Bluff Utah,
It’s not Moab.
In attempt to do something ‘different’ in the middle of
November, we went south to Bluff. We are
somewhat limited with ‘different’ in Utah, with only Moab and St George on the
busy end, Fruita and Kanab in the obscure middle and Cisco and Grafton on the
quiet side. With only 200 people in Bluff,
half of them Navajo, no place to eat or drink mid-week and a main street so
empty that you could shoot a man, and no one would see, it is the essence of catatonic
chill.
We arrived in Bluff under a spectacular purple setting sun
and obscured rising Beaver Moon and quickly found our cabin since there was
only one choice on Main Street. The
nights are 16 hours long this time of year and we couldn’t camp, read or play
rummy for that long in our van so we treated ourselves to the lap of luxury in a
comfortably complete pine box cabin with coffee, heat and a TV. We are being kind to ourselves lately since
our ‘Wealth Manager’ told us to spend more money, but we are cautious because we
are Park City rich with nothing but house and you can’t eat equity.
There are two resort hotels, one in East Bluff and one in
West Bluff, and like America there was little middle class in between. The parenthetical Pueblo type resorts on
either end of town wouldn’t take dogs, and we don’t go anywhere without Eva, so
we settled for something simple but new, compact and clean. Centrally located across the street from the
LDS Fort Bluff theme park and next to the river bike path entrance we were Downtown-Charlie
Brown.
Surrounded by BLM land, Grand Staircase and Bears Ears
National Monuments, there are purportedly over 100,000 Native American ruins
and rock art installations in this area including Grand Gulch and the San Juan
River, which was the Park Avenue for the Ancient Ones. With the southern end of the prosaic Coxcomb
dominating the landscape from Kanab to Lake Powell, there is a Native site of
some sort up every canyon which lends itself to endless bike and hike
adventures. This feature may be an
extension of the porno Cockscomb in Arizona because these formations sometimes
dip underground and pop up in the strangest of places, if you look at it right,
with the strangest of names, like Mollie’s Nipple, Brigham’s Unit or Cave 7.
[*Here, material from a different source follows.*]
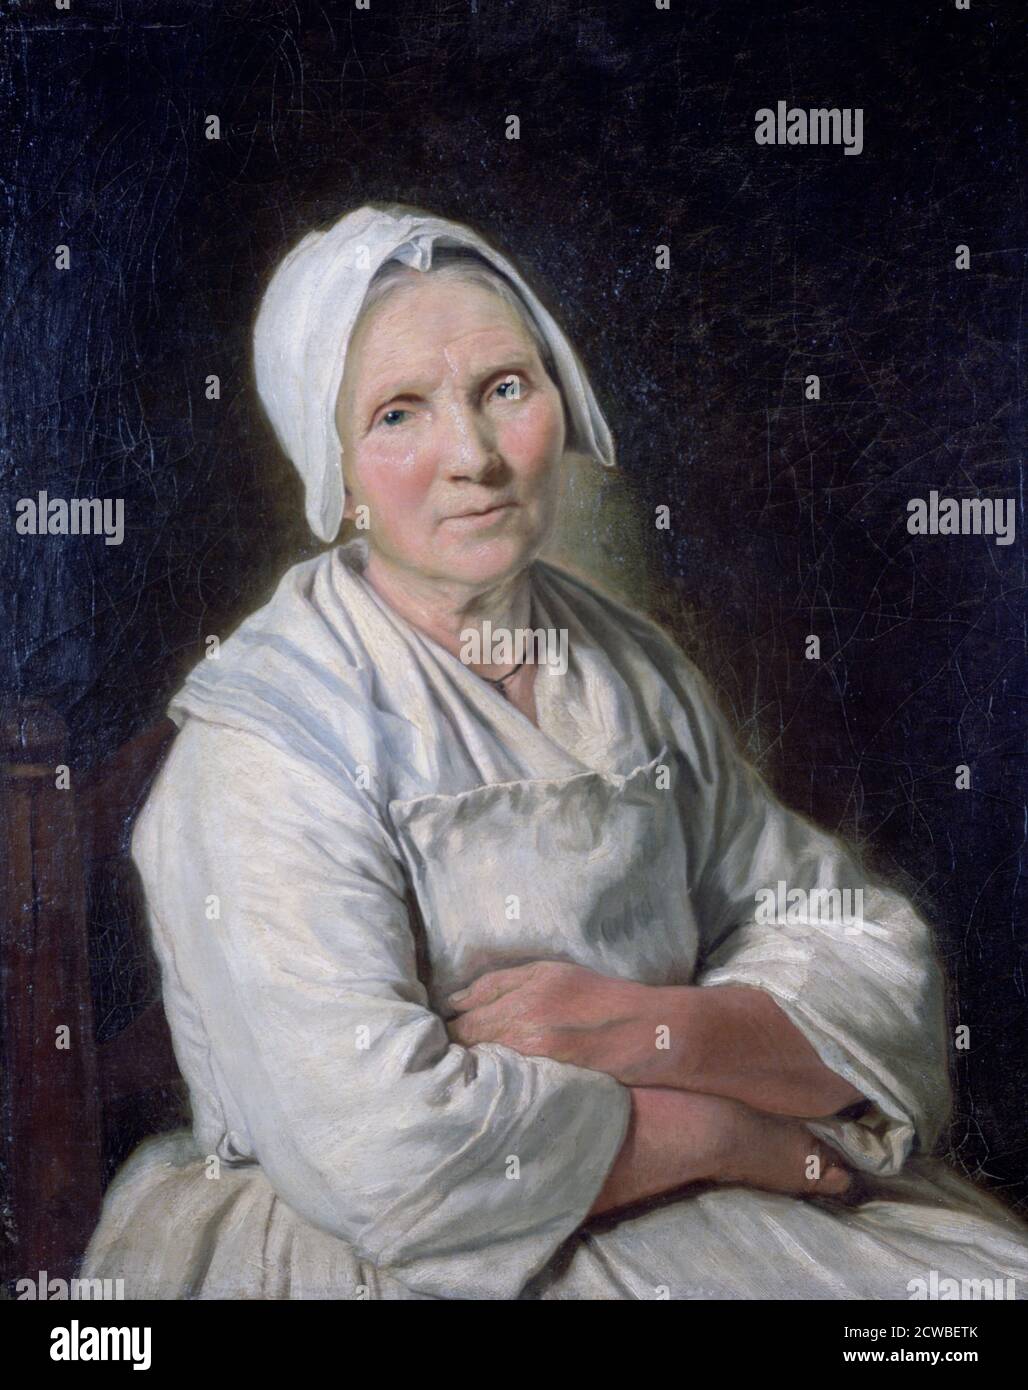 Mujer mayor', c1725-1778. Artista: Francois Duparc. Francoise Duparc  (1726-1778) fue una pintora barroca nacida en España que más tarde vivió en  Francia Fotografía de stock - Alamy

The point is that there is infinite geography to explore down
there and a lifetime to do it. In one
canyon, there was an extravagant royal apartment complex perfectly intact in
the middle of a 500 foot cliff and a Michelangelo museum quality petroglyph of
Wilt Chamberlin, the Alta insignia and an upside-down chairlift going
backwards, peppered by a few bullet holes.
The next canyon had several ground level rooms and granaries for the
secure or lazy middle-class serfs and a couple of amateur handprints, spirals
and chickens on the wall. None of these are
located on any map or indicated with any BLM signs, since they are doing more
with less these days and want to protect these sights from rampant tourism and
unethical collectors.
Some nice Nomad campers, who live in the canyons but move
every 14 days, gave us the lay of the land and some good guidance that became
confused or forgotten immediately but pointed us in the right direction. From there on it was easy to make it up as we
went along and find cool stuff. My wife
would explore several canyons each day while I would rest and relax with the
dog after one or two ruins, in the cool van or cabin, taking notes and naps or
reading books and maps in the solace that I had nothing to prove. We seldom encountered any other hikers either
in the cool of the morning or low winter sun of the afternoon. I suspect I gets as hot as Moab here but
there is no need for reservations or any effort to beat the rush or high
season.
Bluff does not get a lot of traffic or business, and they
don’t seem to care. With a Chamber of
Commerce or marketing manager they could turn this place into another red rock
Disney land of conspicuous consumption, but I get the sense that they don’t
want to. There is an attempt at a river
trail from town through the sandy bosque cottonwoods to the river raft boat
launch area, but it is only rough graded and there is a large portion that fell
off into the river. While we were there
they held a Marathon from Blanding that had more volunteers than runners and
more cones than competitors, but they were nice people with free bananas and
80’s music there all day.
We were so enchanted that we stayed an extra day into the
weekend and a killer Coffee house, Navajo breakfast and Pork House rib place opened
mostly for the locals. They were mostly
friendly folks except for some multigenerational natives that have perfected
the one-word answer that almost sounds like another question. None-the-less we had fun playing in the
country and exploring the towns funky sandstone castles and modern palaces,
with our dog, undeterred and undisturbed by other thrill seekers adrenaline
hounds and athletic adventurists. Go
there soon, before it becomes another Moab.